Exercise aim
Once you reach the line with "ce_contact_map.jpg", transcribe it and every line after it to the end of the records, exactly, but not the pictures.

Data excerpts
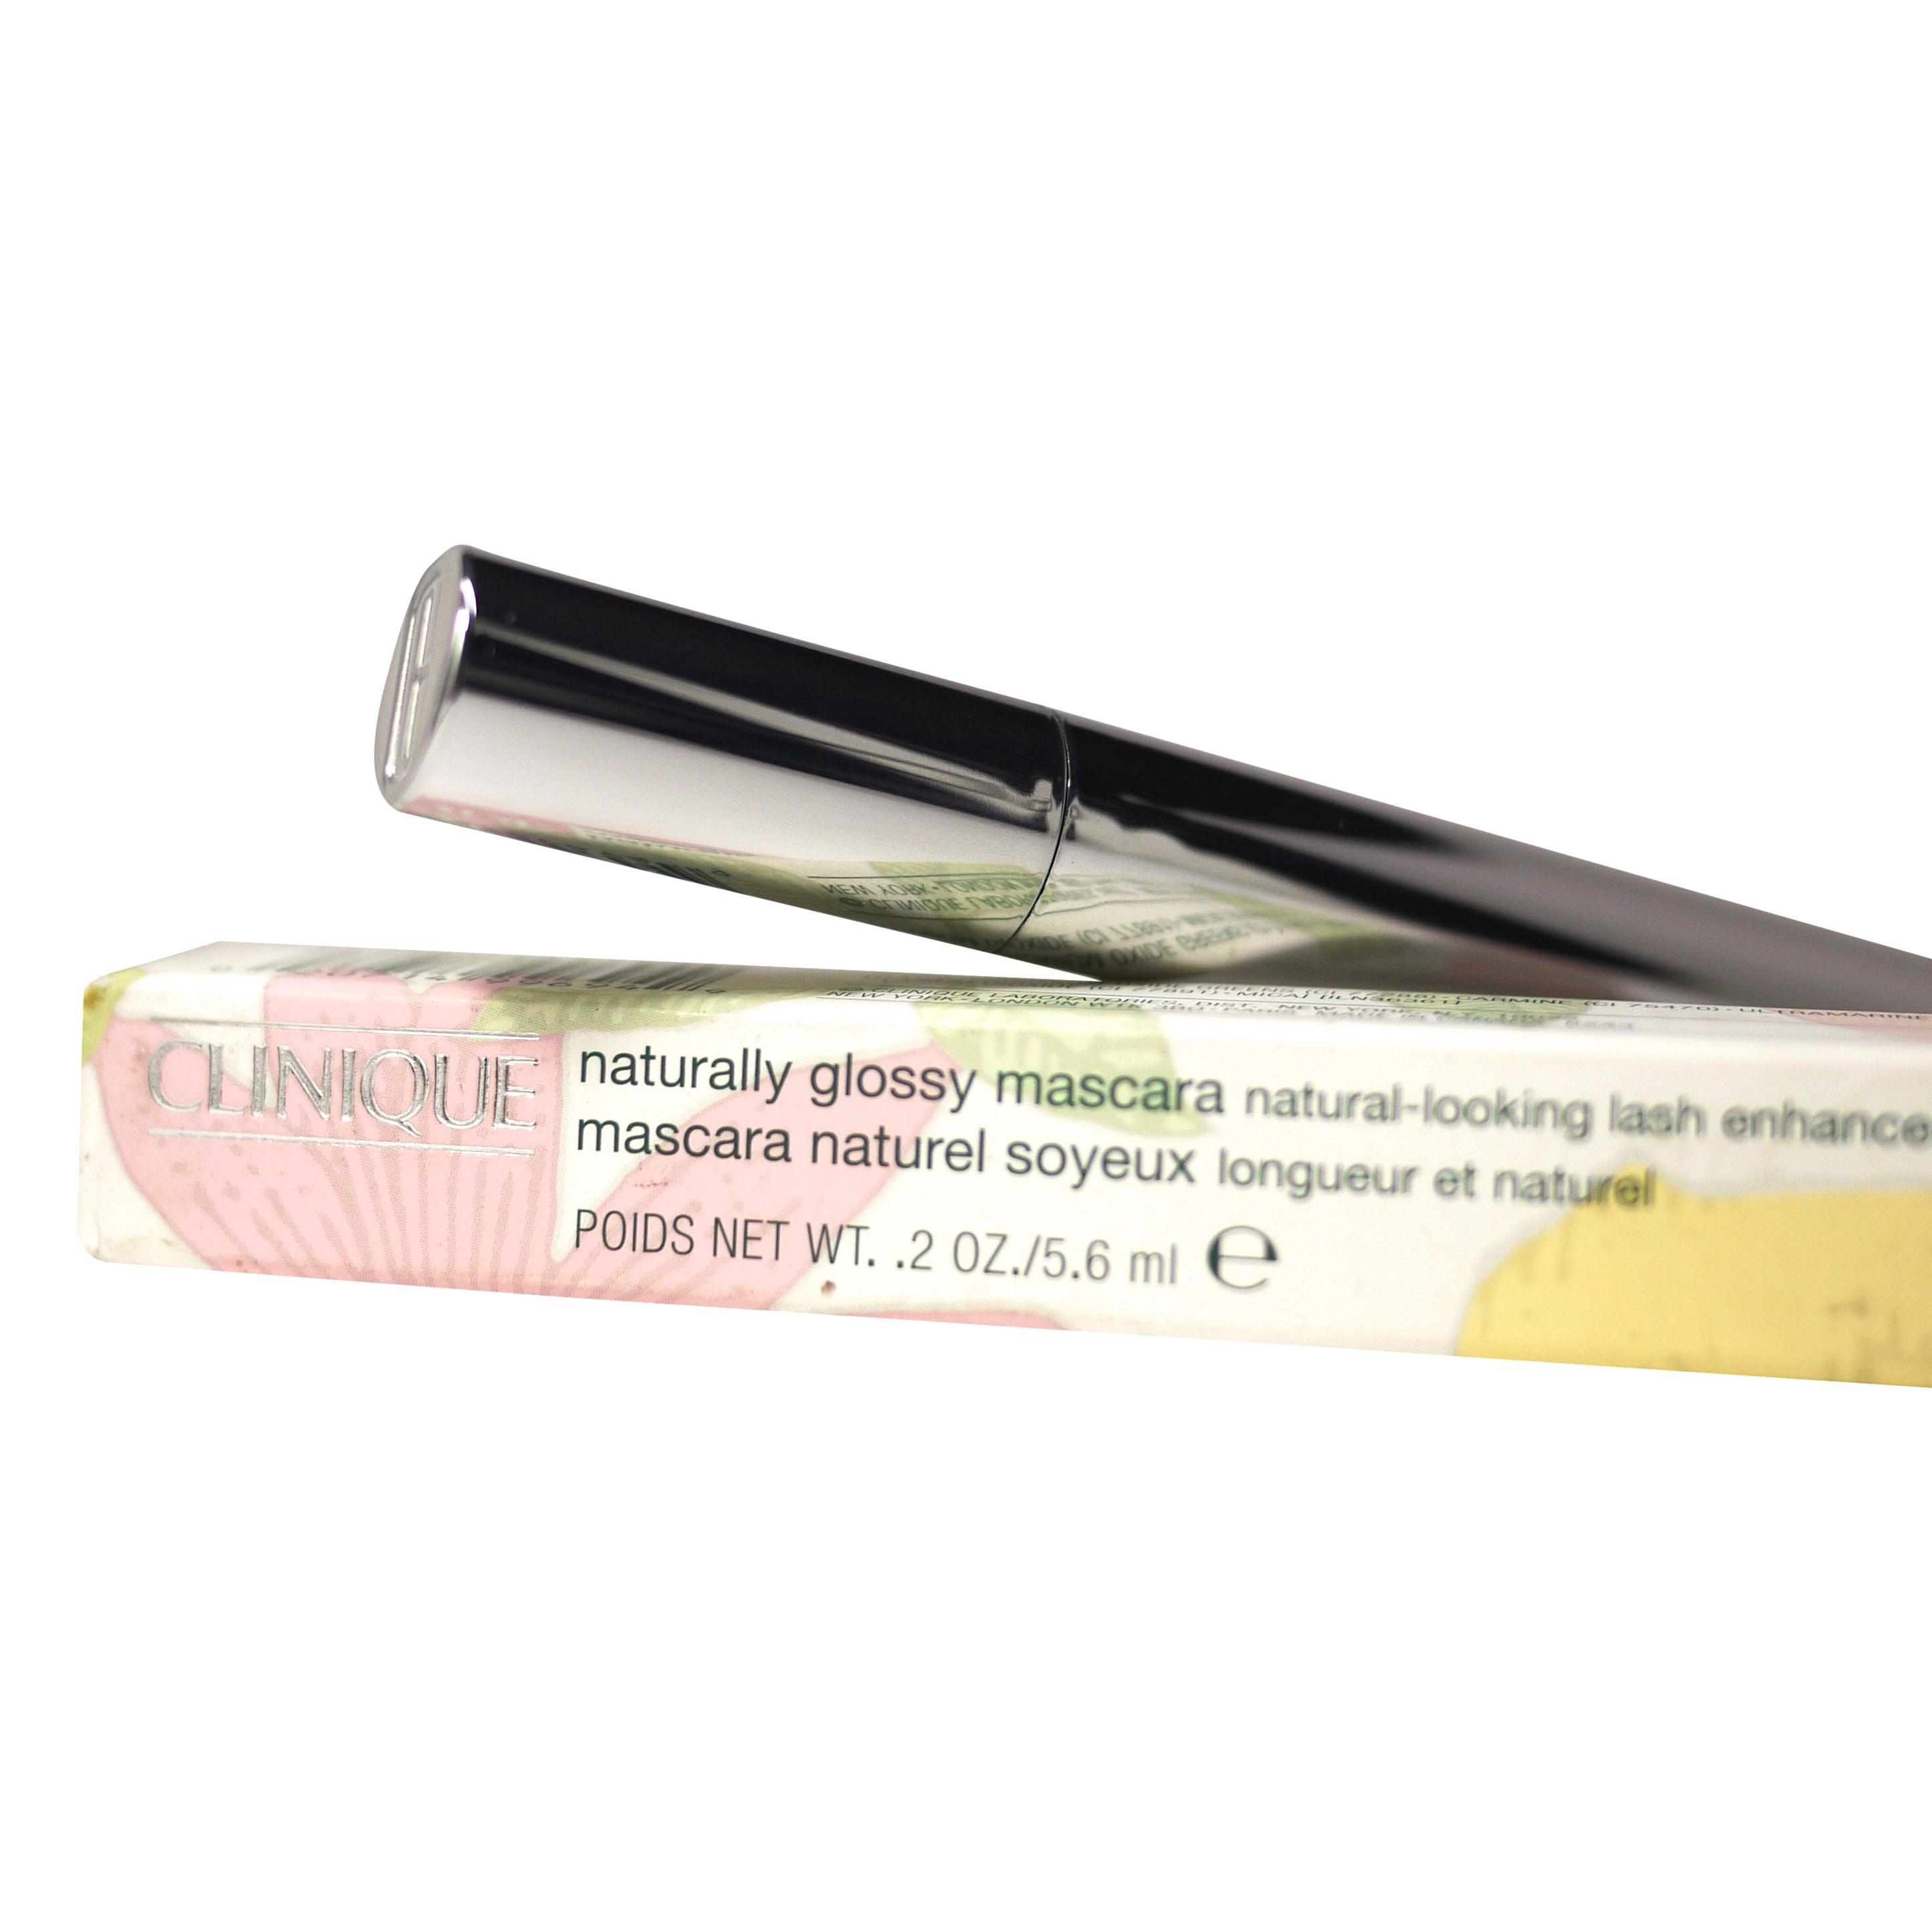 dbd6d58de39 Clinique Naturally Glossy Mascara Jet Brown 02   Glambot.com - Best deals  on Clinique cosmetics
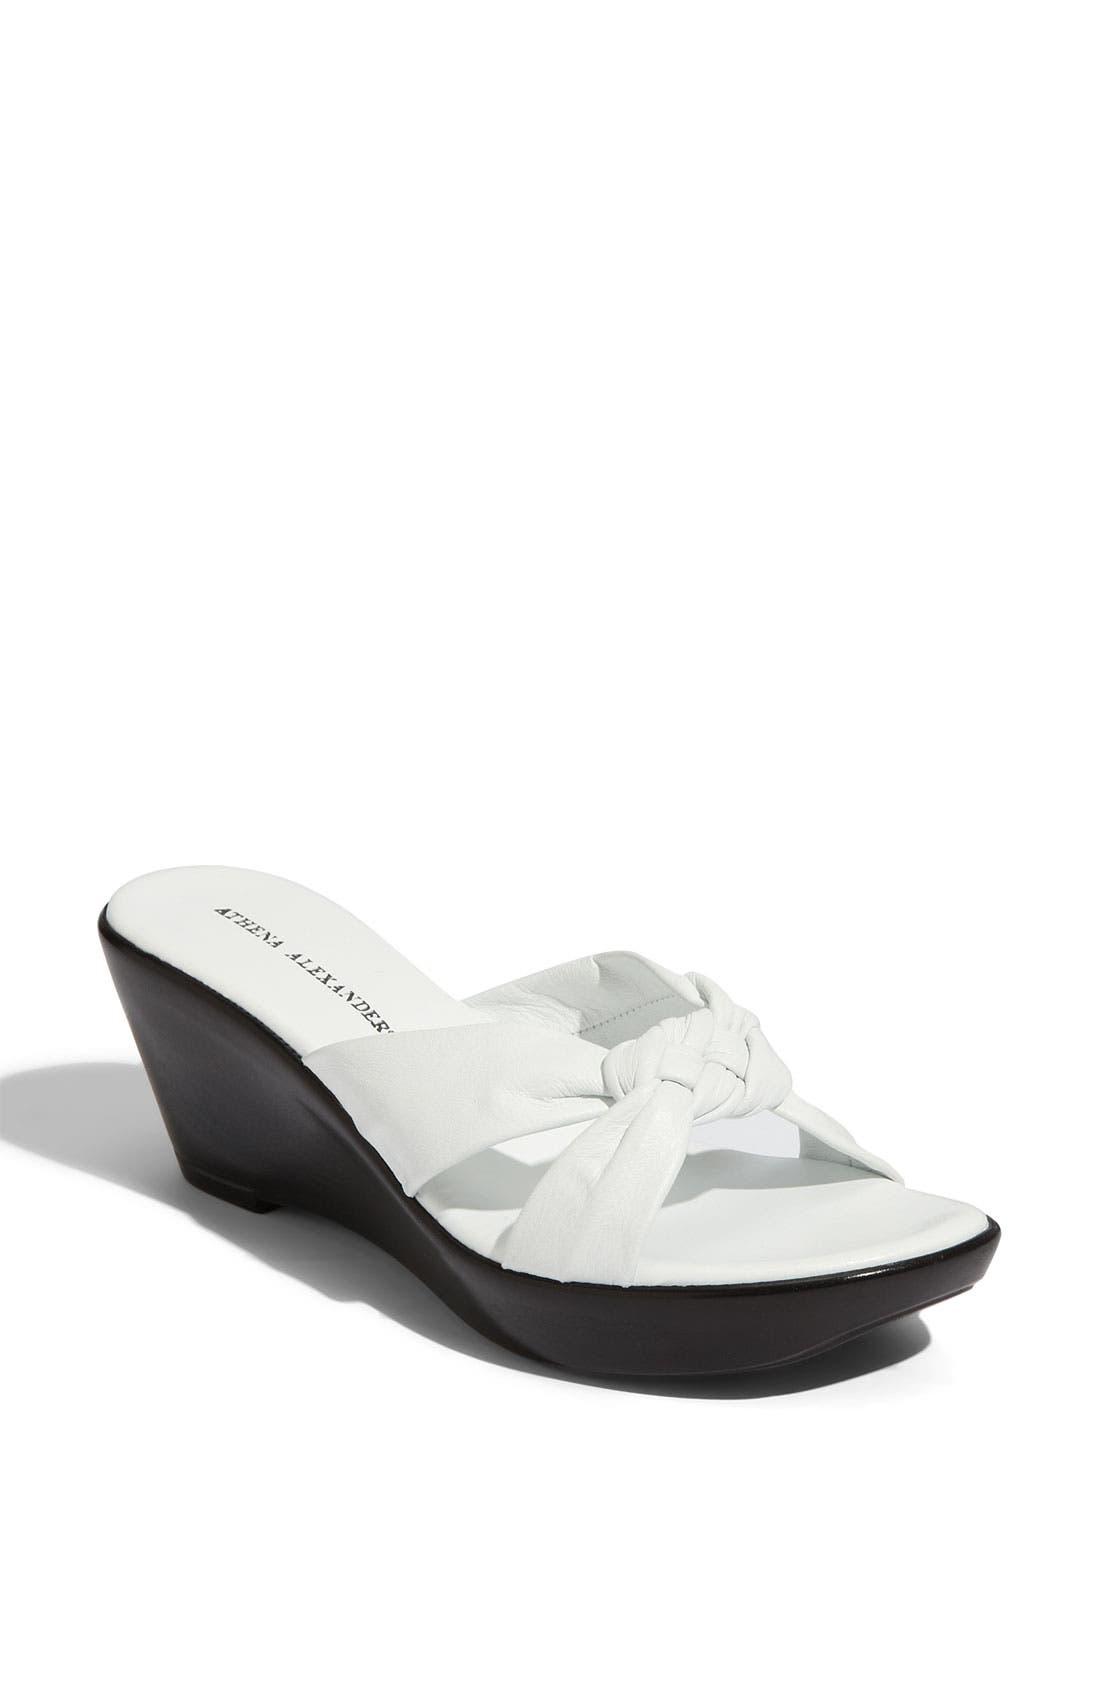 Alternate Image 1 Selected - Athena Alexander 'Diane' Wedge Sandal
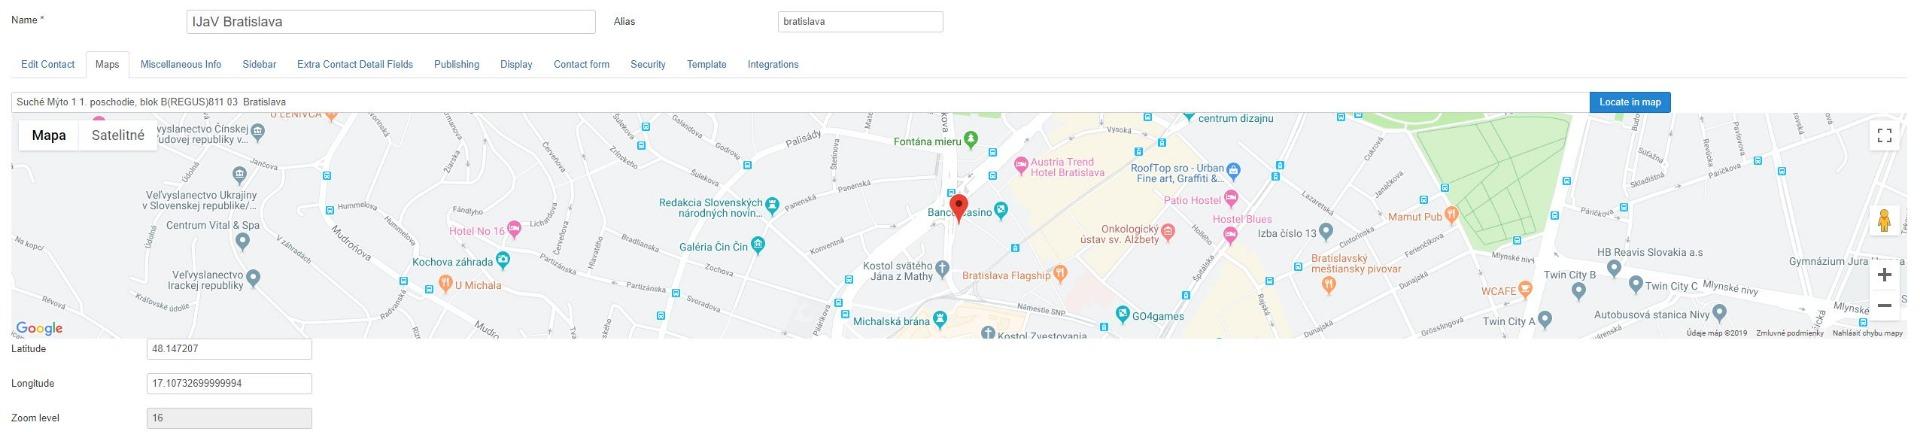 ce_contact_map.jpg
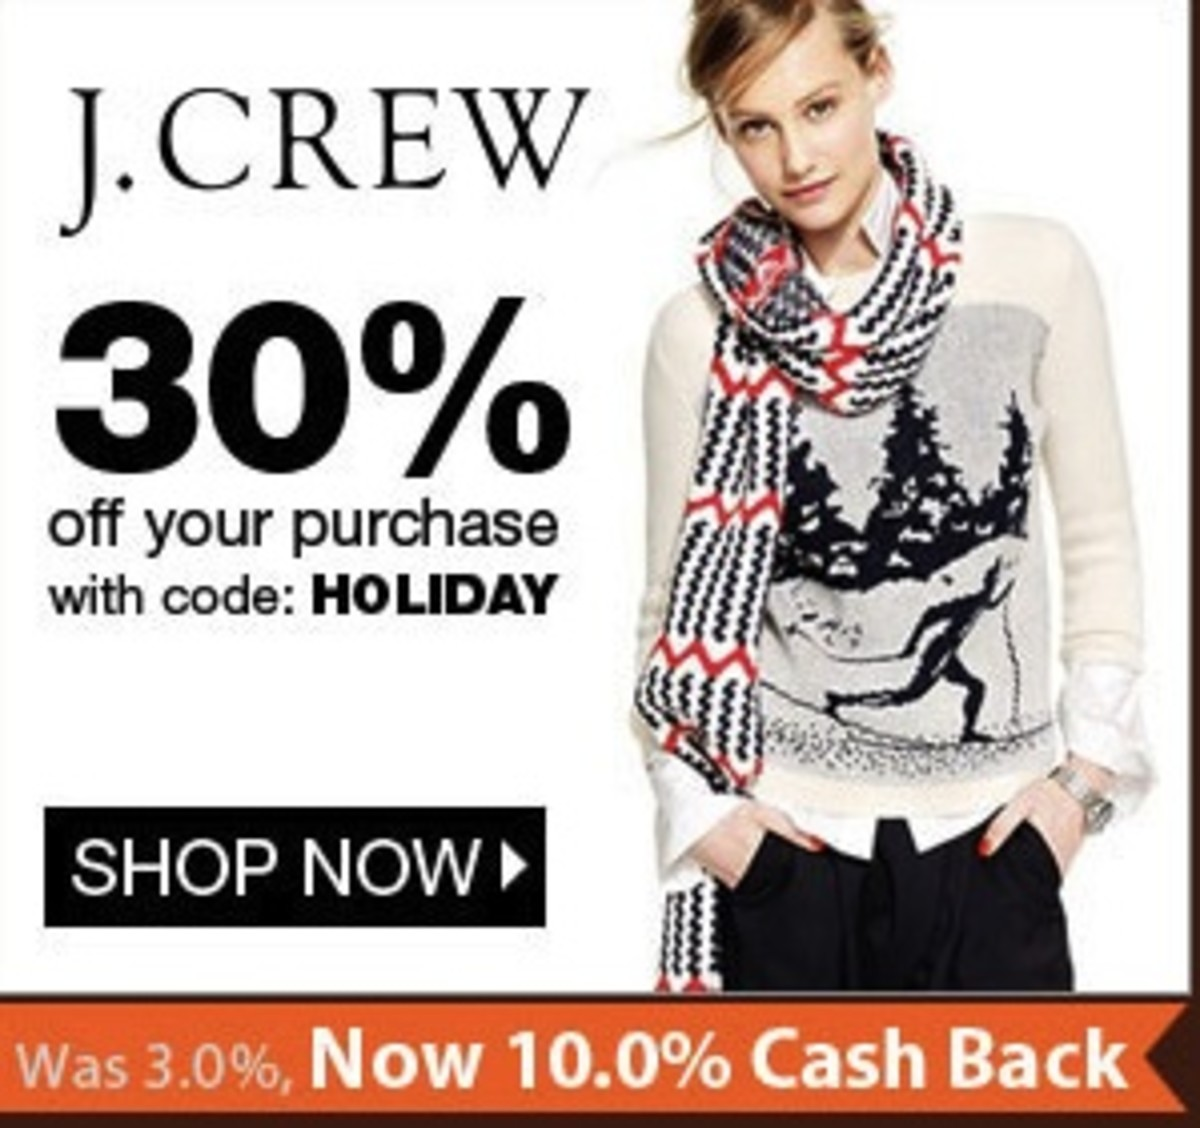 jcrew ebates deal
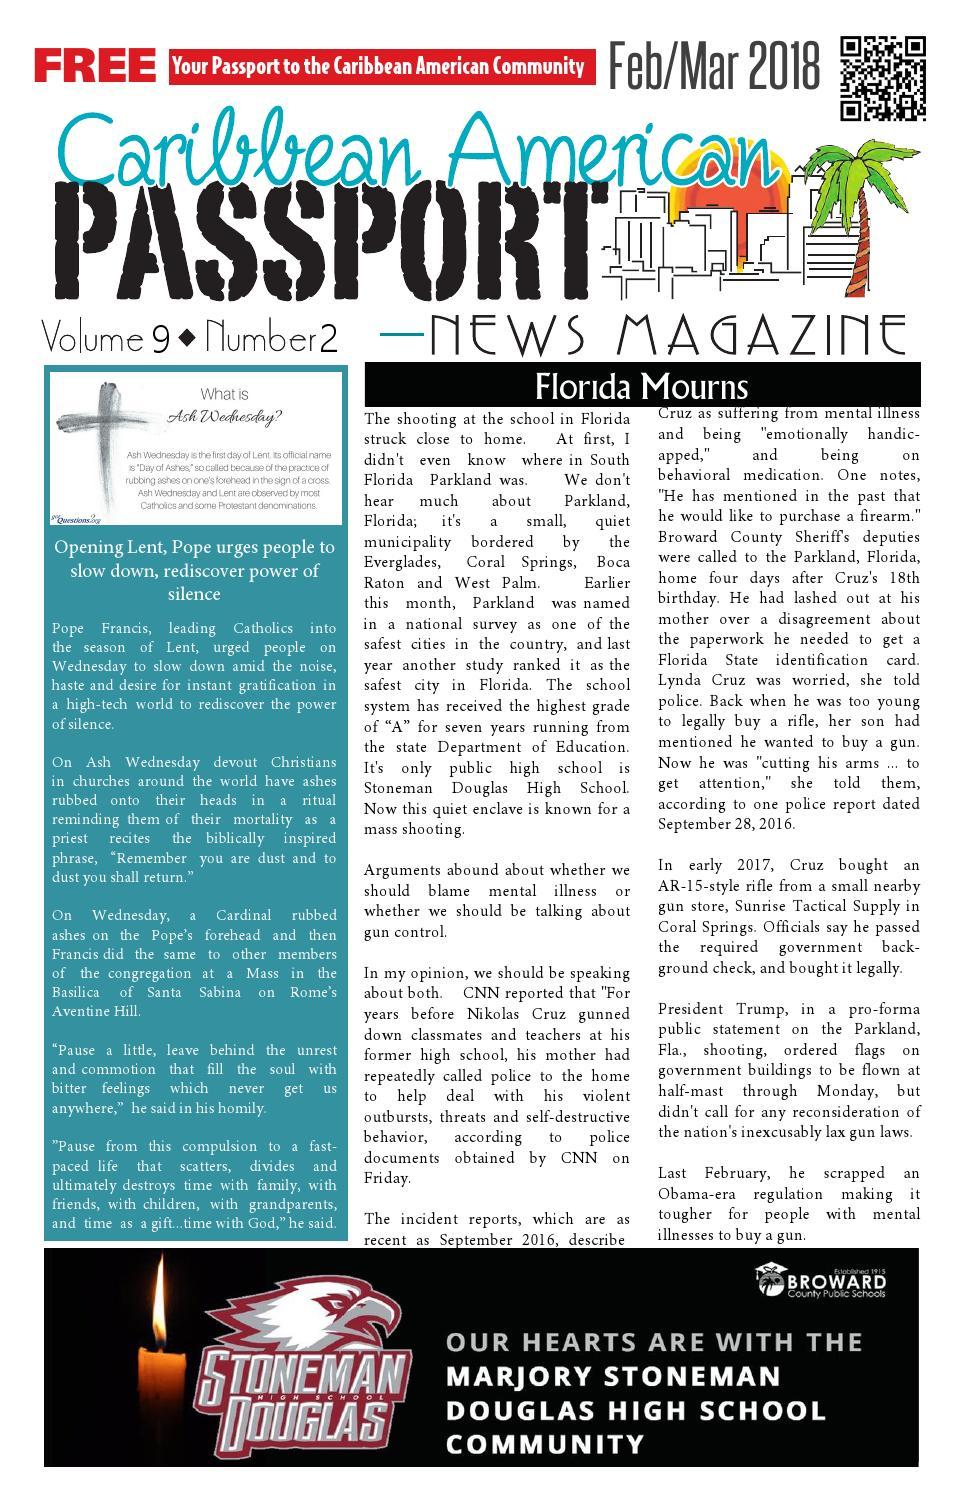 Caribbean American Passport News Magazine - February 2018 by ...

Written solution
 ce_contact_map.jpg
 jcrew ebates deal
 Caribbean American Passport News Magazine - February 2018 by ...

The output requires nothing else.